This is just a little too close to home. I mean that seriously. As the crow flies, National Airport is just a three miles from our home. In this case, as the crow flies is significant. Listen:



From the Washington Post:
Transportation Secretary Ray LaHood has ordered a second air traffic controller to be on duty overnight at Reagan National Airport, after the lone controller was unavailable early Wednesday as two passenger planes were trying to land.

LaHood also instructed the Federal Aviation Administration, which is investigating the incident, to examine staffing levels at other airports around the country.

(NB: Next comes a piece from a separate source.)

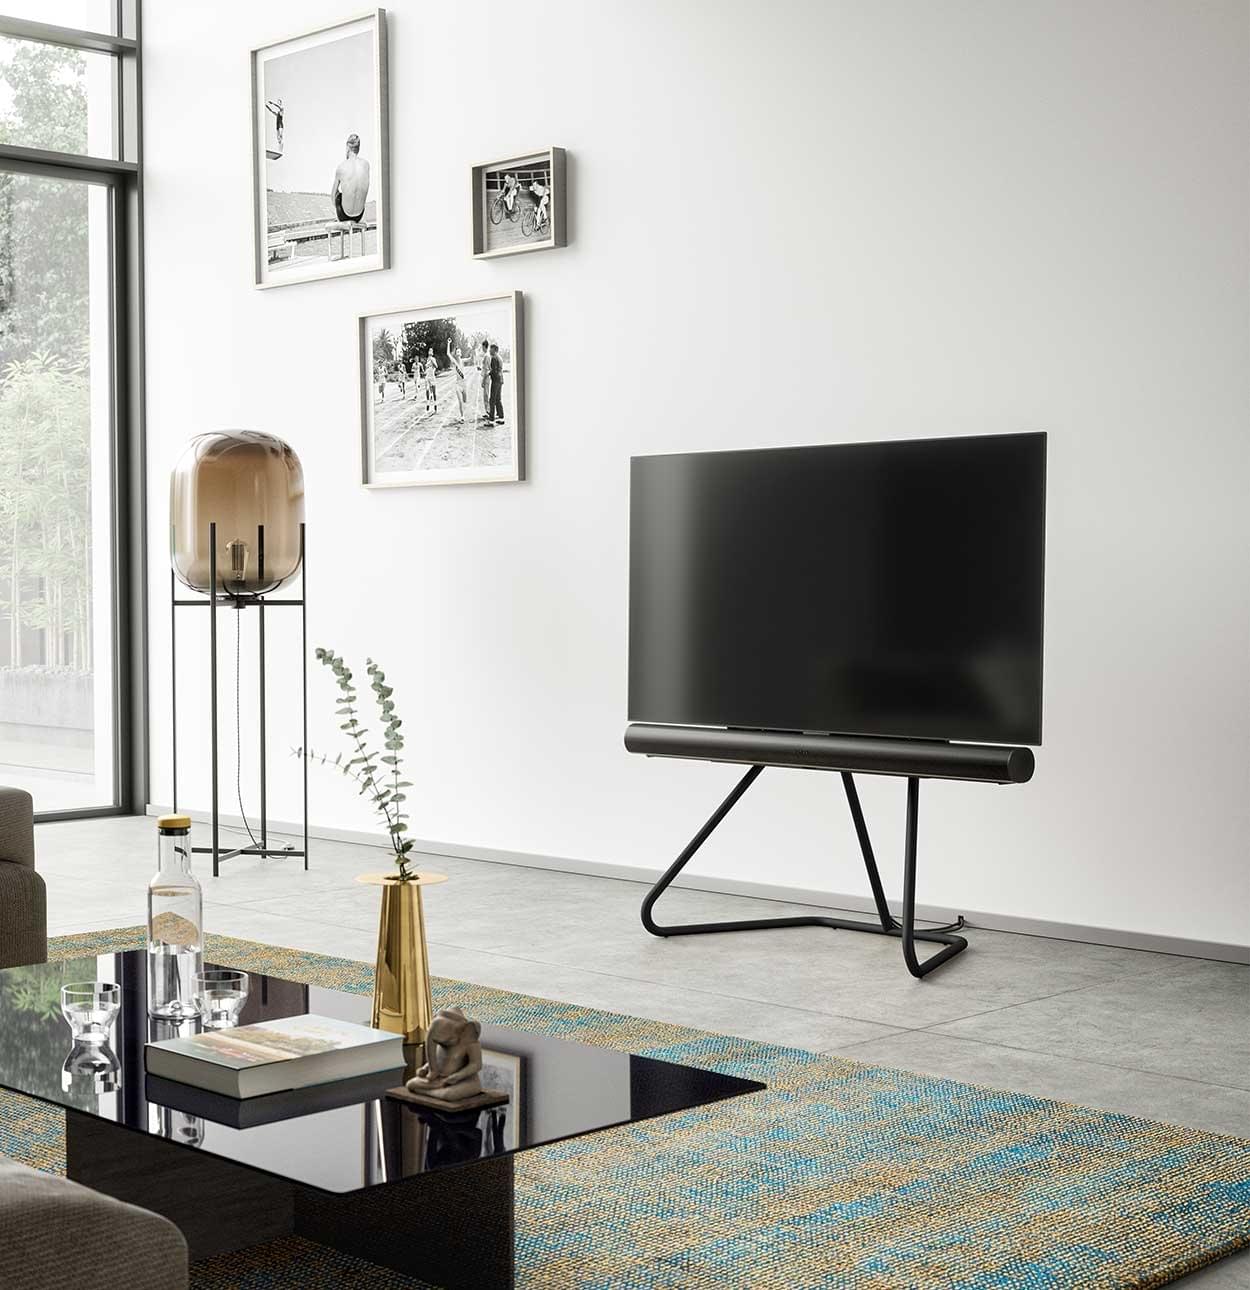 Leia inleveren karakter Spectral tv-standaards als design tv-stand passend voor elk interieur. -  Spectral.nl

The two D.C. airliners, carrying a total of 165 passengers and crew members, landed on their own shortly after midnight after attempting to contact the control tower and receiving no response.
The controller was asleep. This story is still unfolding, as the local radio station is reporting, there are ongoing questions such as: where was the Supervisor? Where was the Airline liaison on the ground, and where was the ground crew? We are lucky there was no maintenance equipment on the runway.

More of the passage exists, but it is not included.